We also saw QSSN recognized in the United States Securities and Exchange Commission’s U.S. Post Quantum Financial Infrastructure Framework (PQFIF) and advanced by QuINSA as a global standards initiative, reinforcing our regulator-aligned design philosophy and interoperability roadmap. We expect to see the continuation of private and public organizations adopting QSSN to participate in the burgeoning digital asset revolution while remaining compliant with cryptographic mandates.
This regulatory traction reflects an important property about QSSN’s architecture. While it originated as a Quantum Secure Stablecoin Network, it solves a much broader problem. Digital signatures underpin every authenticated transaction, identity credential, and access control system on the internet. All of which are vulnerable to quantum attack. QSSN provides a modular framework for migrating these systems first to post-quantum cryptography, and ultimately to quantum cryptography as fault-tolerant hardware matures. This path helps organizations achieve PQC compliance today while preserving a clear upgrade route to quantum encryption protocols such as one-shot signatures.
Within decentralized networks, we delivered Bitcoin Quantum Core, demonstrating end to end Bitcoin operations using NIST standardized ML DSA signatures in place of quantum vulnerable ECDSA, including wallet creation, transaction signing, verification, and mining. This milestone matters because it translates quantum risk from abstract debate into real migration work: testnets, audits, wallet and exchange integrations, and repeatable migration tooling.

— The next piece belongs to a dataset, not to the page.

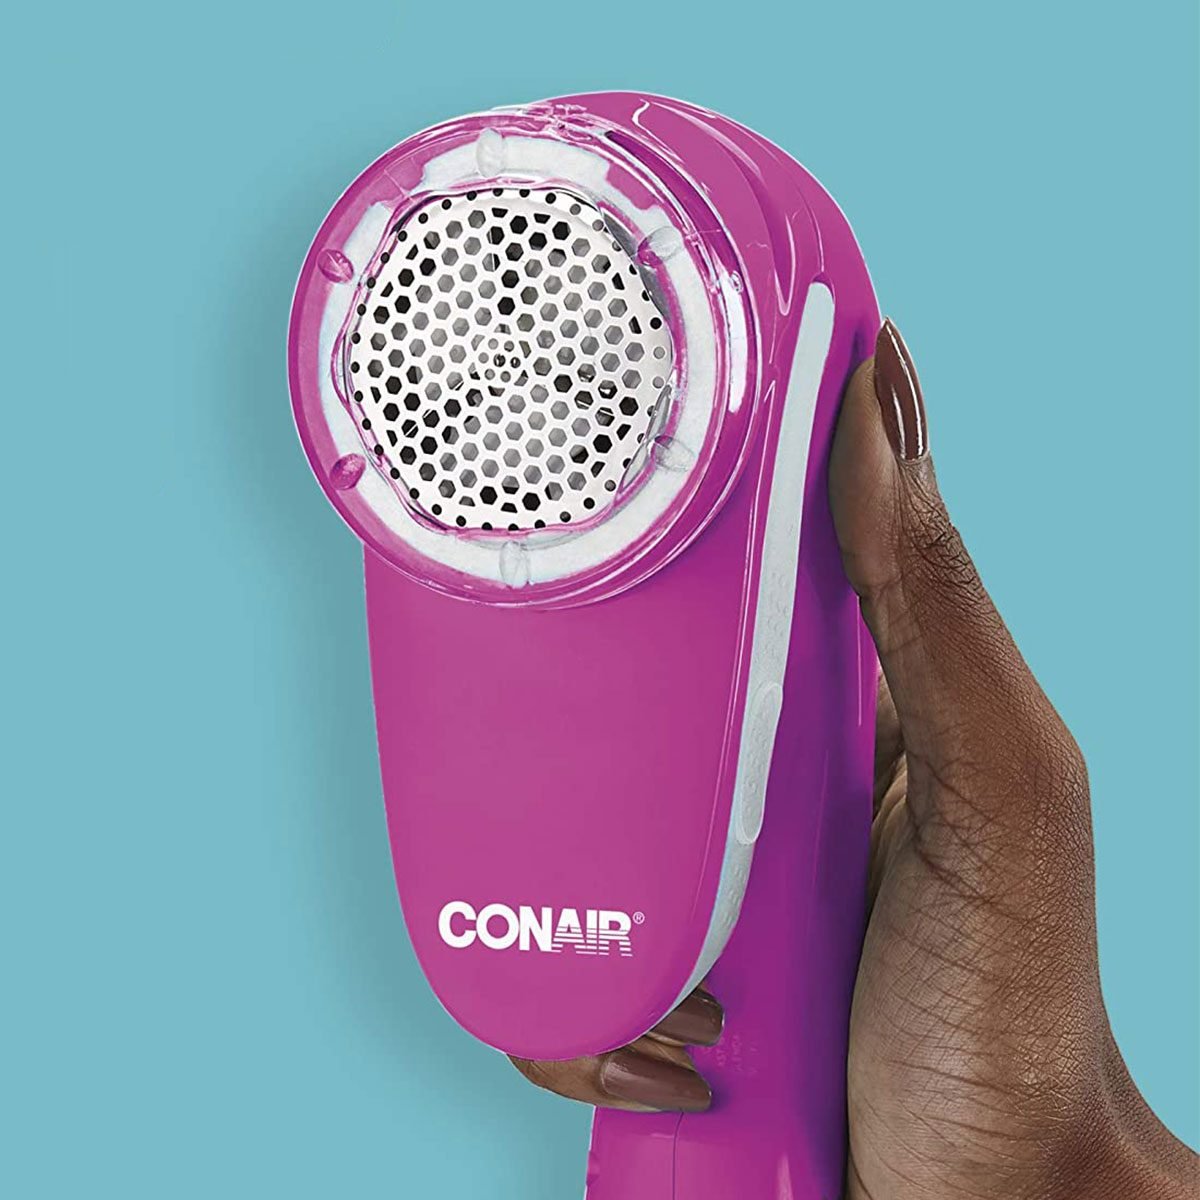 The $15 Conair Fabric Shaver for Clothes Gets Rid of Pilling and Fuzz

External validation also accelerated this year. Delphi Digital published in depth coverage describing Bitcoin Quantum as a “quantum canary” network and highlighting our focus on real world testing of NIST PQC signatures, quantum native proof of work research, and institutional migration playbooks.
3) QPerfect and Neutral Atom Platforms: Accelerating the path from emulation to fault tolerant systems
This year, aptly named the International Year of Quantum Science and Technology, designates the end of the first century since the discovery of quantum mechanics. It’s been a year of accelerated progress across the industry but if there was one topic that has attracted most attention, it would be quantum error correction. Following the first demonstration of beyond break even performance using error correction in late 2024, this year saw outstanding road blocks fall in rapid succession including repeatable error correction cycles, the execution of logical gates while preserving encoded information, and a fully fault tolerant non-Clifford gate. Fault tolerance comes with overheads, and in order to unlock high impact scientific and commercial applications, we’ll need quantum computers capable of controlling hundreds of thousands to millions of qubits. At BTQ we’ve made meaningful strides to achieve this by both reducing the quantum resource requirements to solve commercially interesting problems for provably secure transactions, and expanding our business line to include a quantum control and emulation platform. We are one step closer towards delivering fault-tolerant application-specific quantum devices (FASQ) to the market and are leading the race for near-term commercially interesting applications.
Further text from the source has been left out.